What is correct order of decreasing ionic character ?
`PbCl_2(I) , PbF_2(II), PbI_2(III), PbBr_2(IV)`

To determine the correct order of decreasing ionic character for the compounds \( \text{PbCl}_2 \), \( \text{PbF}_2 \), \( \text{PbI}_2 \), and \( \text{PbBr}_2 \), we need to analyze the ionic and covalent character of these compounds based on the properties of the cations and anions involved. ### Step-by-Step Solution: 1. **Identify the Cation**: All the compounds contain the same cation, \( \text{Pb}^{2+} \). Therefore, the cation's contribution to ionic character is constant across all compounds. **Hint**: Focus on the anions since the cation is the same for all compounds. 2. **Identify the Anions**: The anions in the compounds are: - \( \text{Cl}^- \) (Chloride) - \( \text{F}^- \) (Fluoride) - \( \text{I}^- \) (Iodide) - \( \text{Br}^- \) (Bromide) 3. **Analyze the Size of Anions**: The size of the anions increases in the order: \[ \text{F}^- < \text{Cl}^- < \text{Br}^- < \text{I}^- \] This means that \( \text{F}^- \) is the smallest and \( \text{I}^- \) is the largest. **Hint**: Remember that larger anions lead to increased covalent character due to their ability to polarize the cation. 4. **Apply Fajan's Rule**: According to Fajan's rule, the ionic character decreases as the size of the anion increases. This is because larger anions can polarize the electron cloud of the cation more effectively, leading to a greater covalent character. 5. **Determine the Order of Ionic Character**: Since \( \text{F}^- \) is the smallest anion, it will have the highest ionic character. Conversely, \( \text{I}^- \), being the largest, will have the lowest ionic character.

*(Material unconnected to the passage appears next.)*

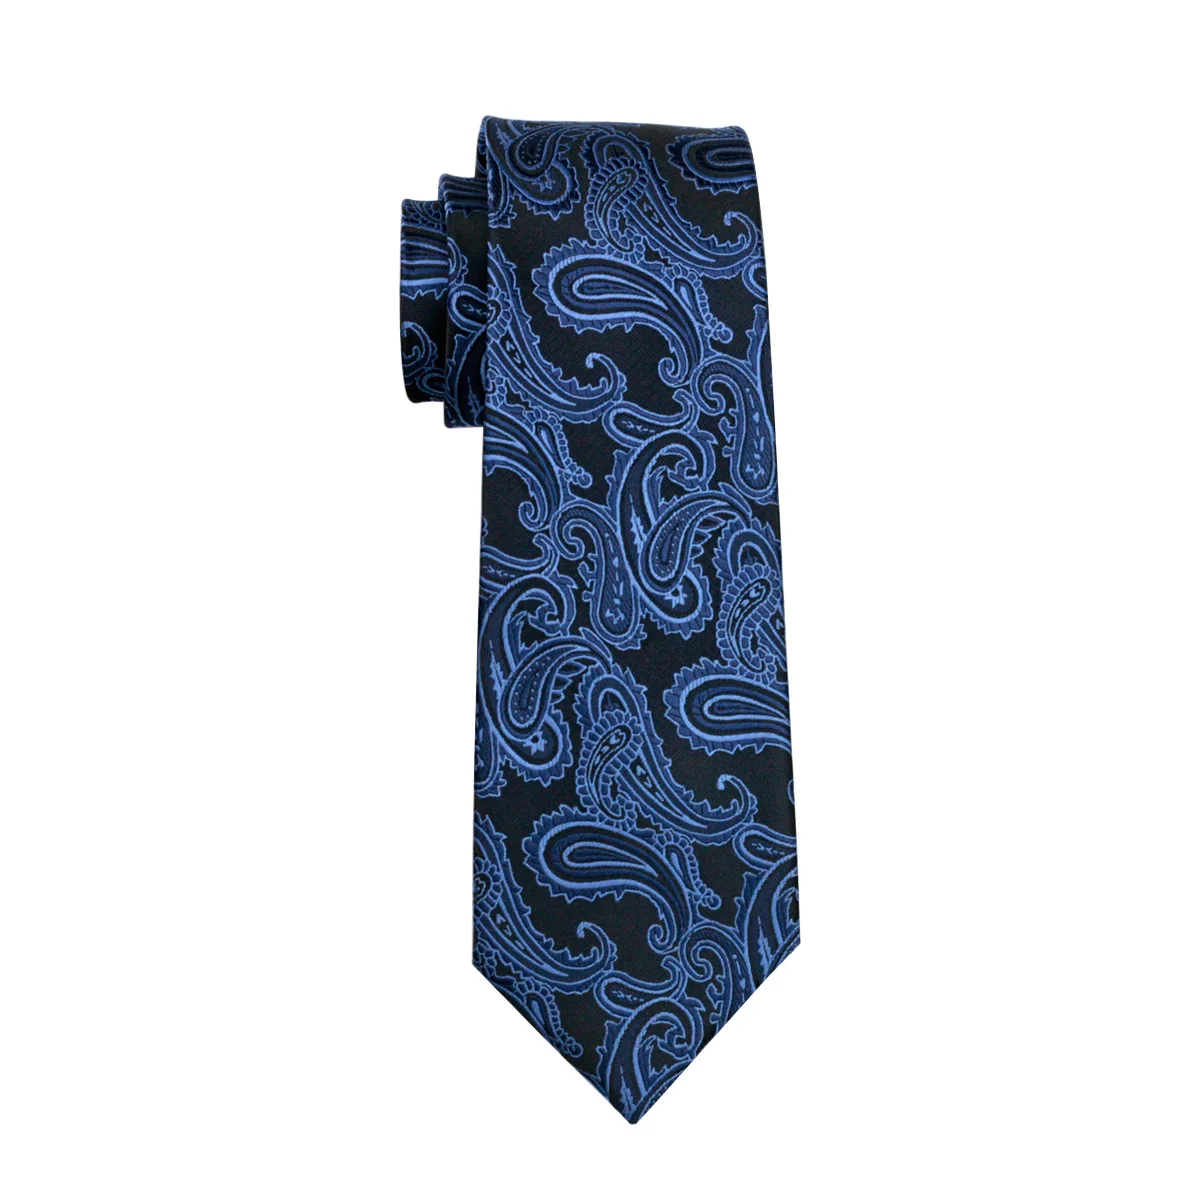 FA-981 Barry. Wang мужские галстуки голубой Пейсли шёлк-жаккард галстук носовой платок запонки набор мужской бизнес подарок галстуки для мужчин

Therefore, the order of decreasing ionic character is: \[ \text{PbF}_2 > \text{PbCl}_2 > \text{PbBr}_2 > \text{PbI}_2 \] 6. **Final Order**: The correct order of decreasing ionic character is: \[ \text{PbF}_2 (II) > \text{PbCl}_2 (I) > \text{PbBr}_2 (IV) > \text{PbI}_2 (III) \] ### Conclusion: Thus, the final answer is: \[ \text{PbF}_2 > \text{PbCl}_2 > \text{PbBr}_2 > \text{PbI}_2 \]